▶ TASK TO CARRY OUT: Please output the listing that follows exactly, but keep all images out.

▶ MATERIAL PROVIDED:
Content starts
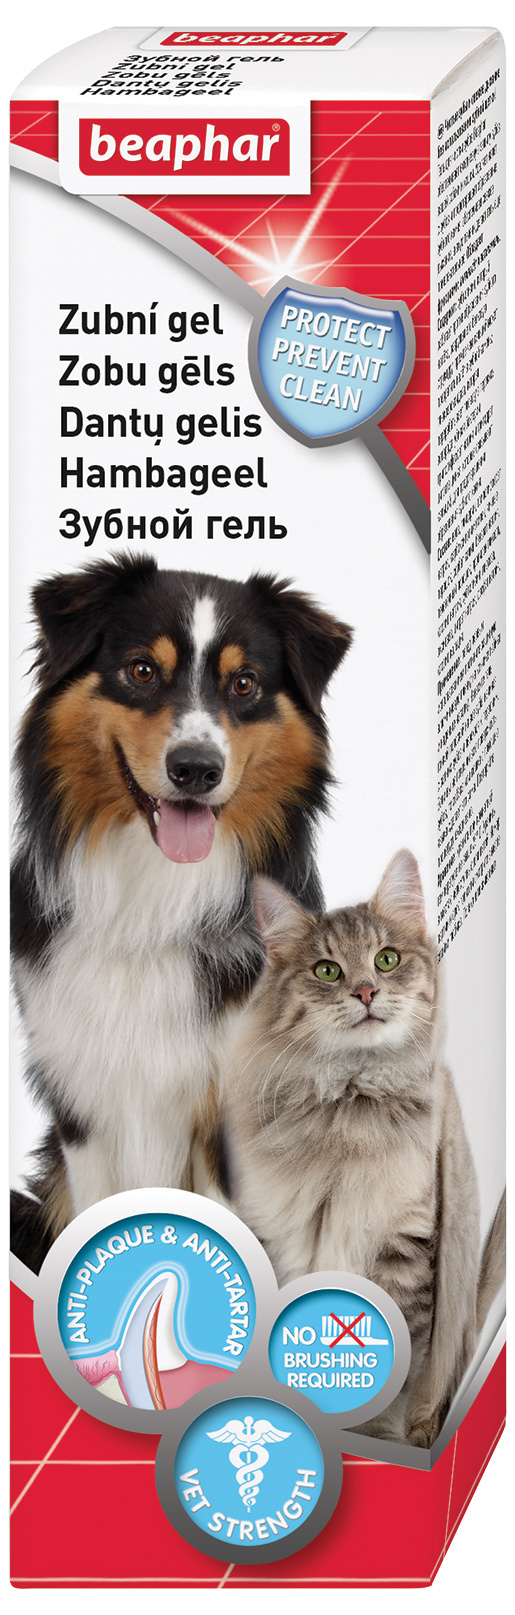 Zobu gēls dzīvniekiem - Beaphar Dog A Dent Gel, 100 g
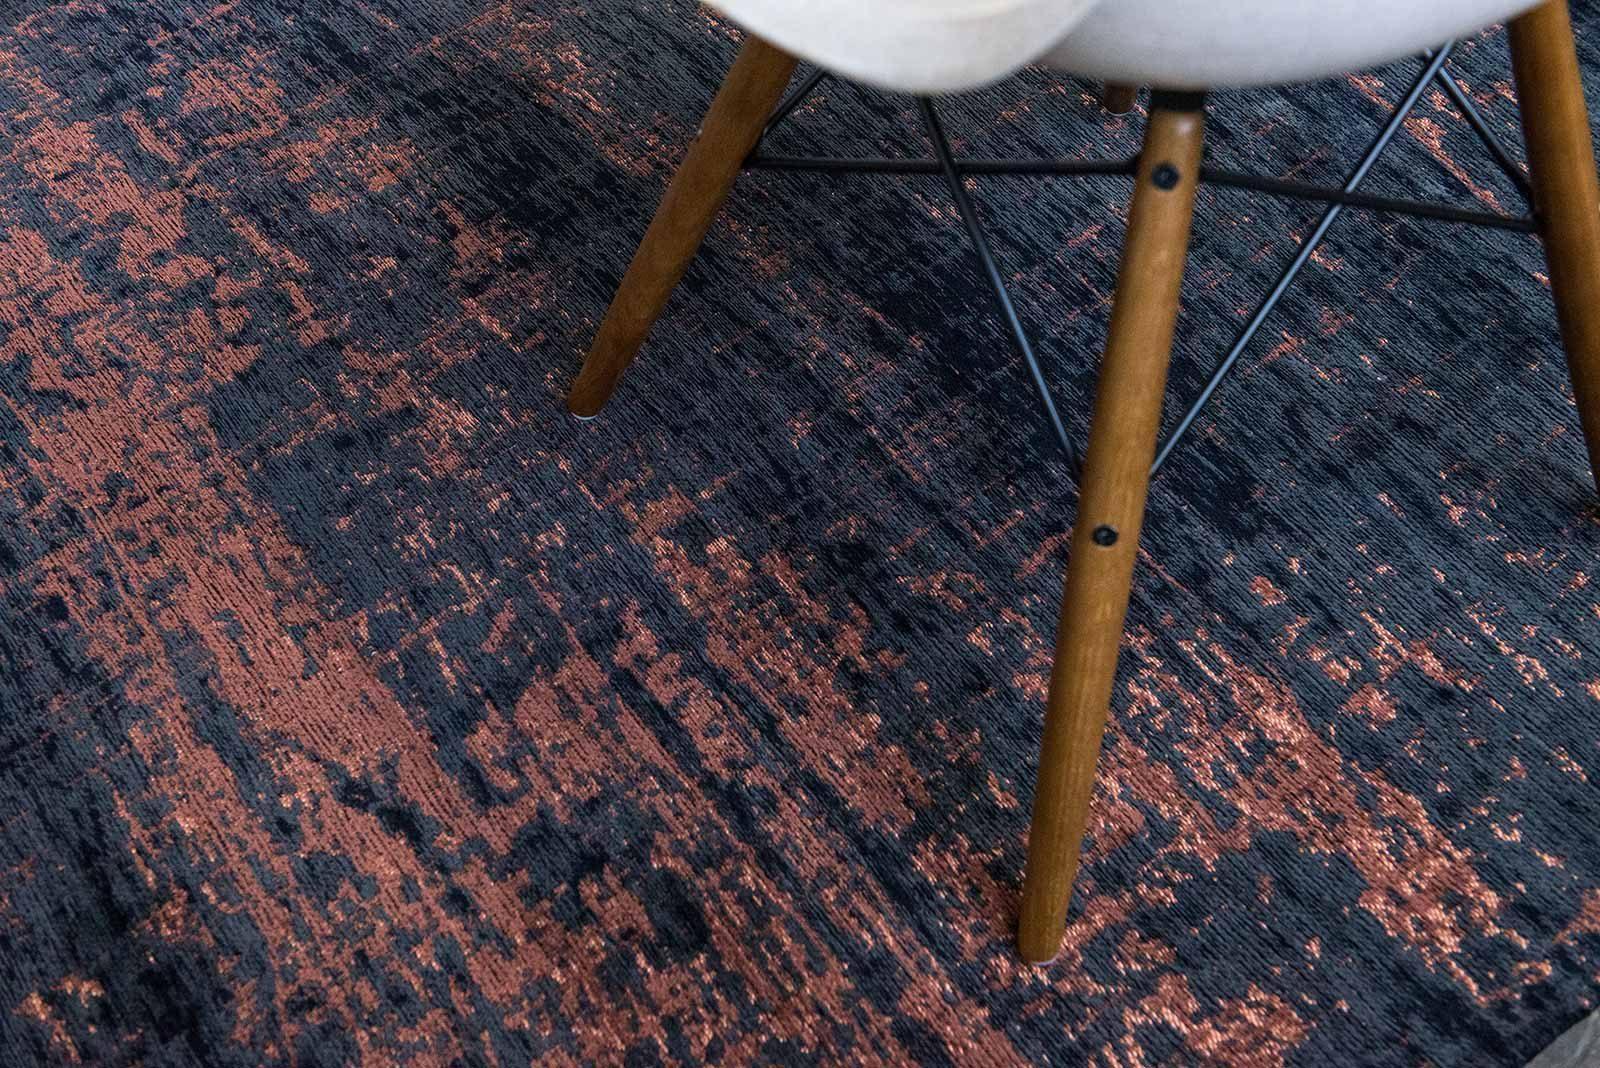 alfombras Louis De Poortere LX8925 Mad Men Griff Soho Copper zoom 2
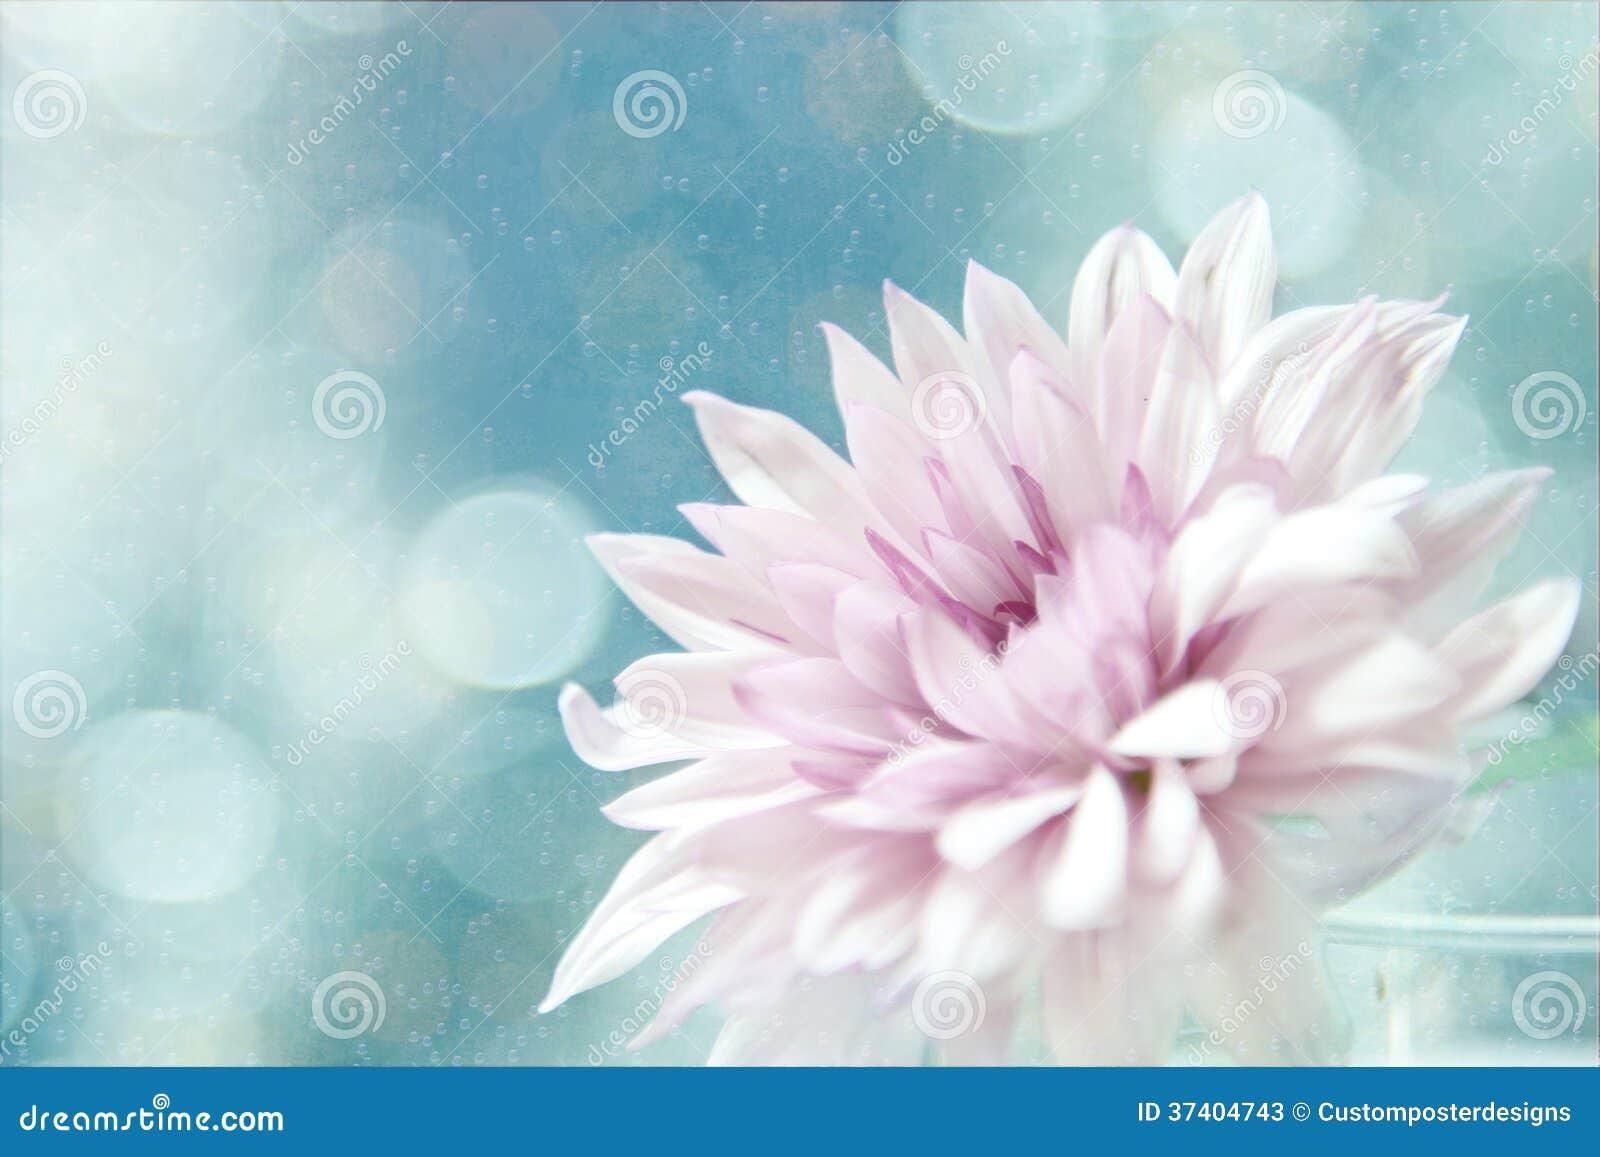 A beautiful soft pink flower.
Content ends
▶ ANSWER BOX:
 Zobu gēls dzīvniekiem - Beaphar Dog A Dent Gel, 100 g
 alfombras Louis De Poortere LX8925 Mad Men Griff Soho Copper zoom 2
 A beautiful soft pink flower.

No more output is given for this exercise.